Абай не видел никого другого вокруг, какое-то время пребывал в состоянии полного замешательства.
Абиш, в белой военной форме, в погонах юнкера, сейчас, после родительских объятий, сделался сущий ребенок, и со звонким смехом, сверкая начищенными пуговицами юнкерского мундира, закрутился в вихре объятий и поцелуев родни, среди белых головных платков своих матерей, соседок и соседей, многочисленных тетушек-женге, среди стариков и старух. Однако фуражку с блестящей кокардой предусмотрительно держал в руке. Все с большим любопытством осматривали эту фуражку, белый мундир, ярко сверкающие на нем медные пуговицы.
Его редковатые, гладко зачесанные каштановые волосы были припомажены. Широкий, рано начавший лысеть лоб был ясным, открытым. Абиш был строен, тонок, изящен. С заметным, красивым, прямым носом, в своей юнкерской форме, которая так шла ему, Абдрахман был очень красив. На губах, тонкого рисунка, играла добрая юношеская улыбка.
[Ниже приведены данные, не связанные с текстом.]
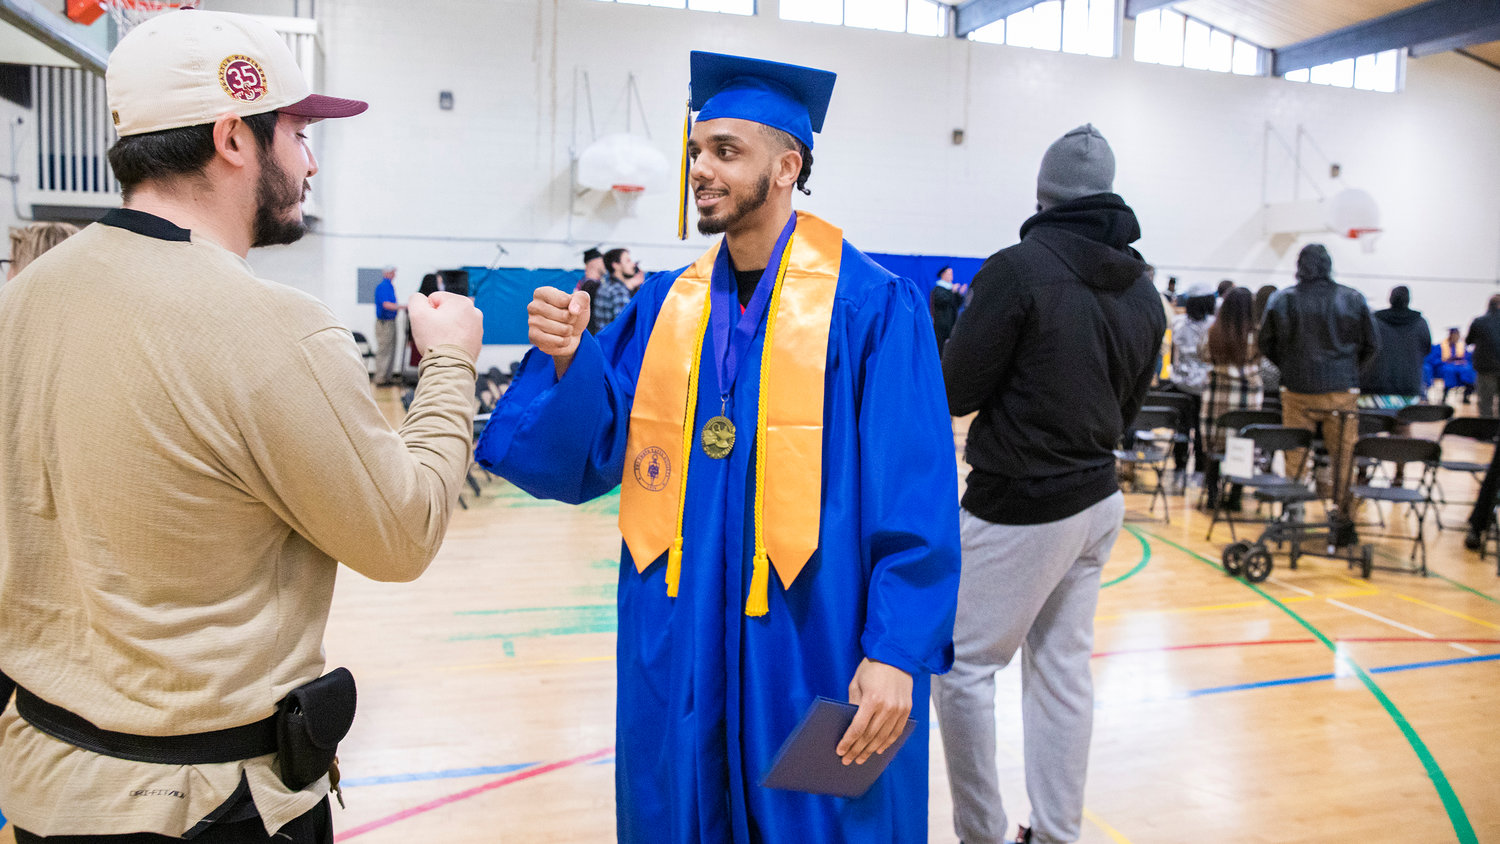 Rodney Strickland smiles and receives fist-bumps after getting his diploma on stage during a graduation ceremony for Centralia College graduates held at the Green Hill School on Wednesday in Chehalis.

Долгие объятия, лепет приветствий со слезами на глазах, ласковые, добрые пожелания счастья от матерей и старших тетушек. Благословения стариков-соседей... Все хотели сказать ему доброе слово.
- Жаным, душа моя, ну, как доехал?
- Свет мой ясный! Пусть дарует тебе Всевышний здоровья!
- Опора наша! Как долго пришлось тебя ждать!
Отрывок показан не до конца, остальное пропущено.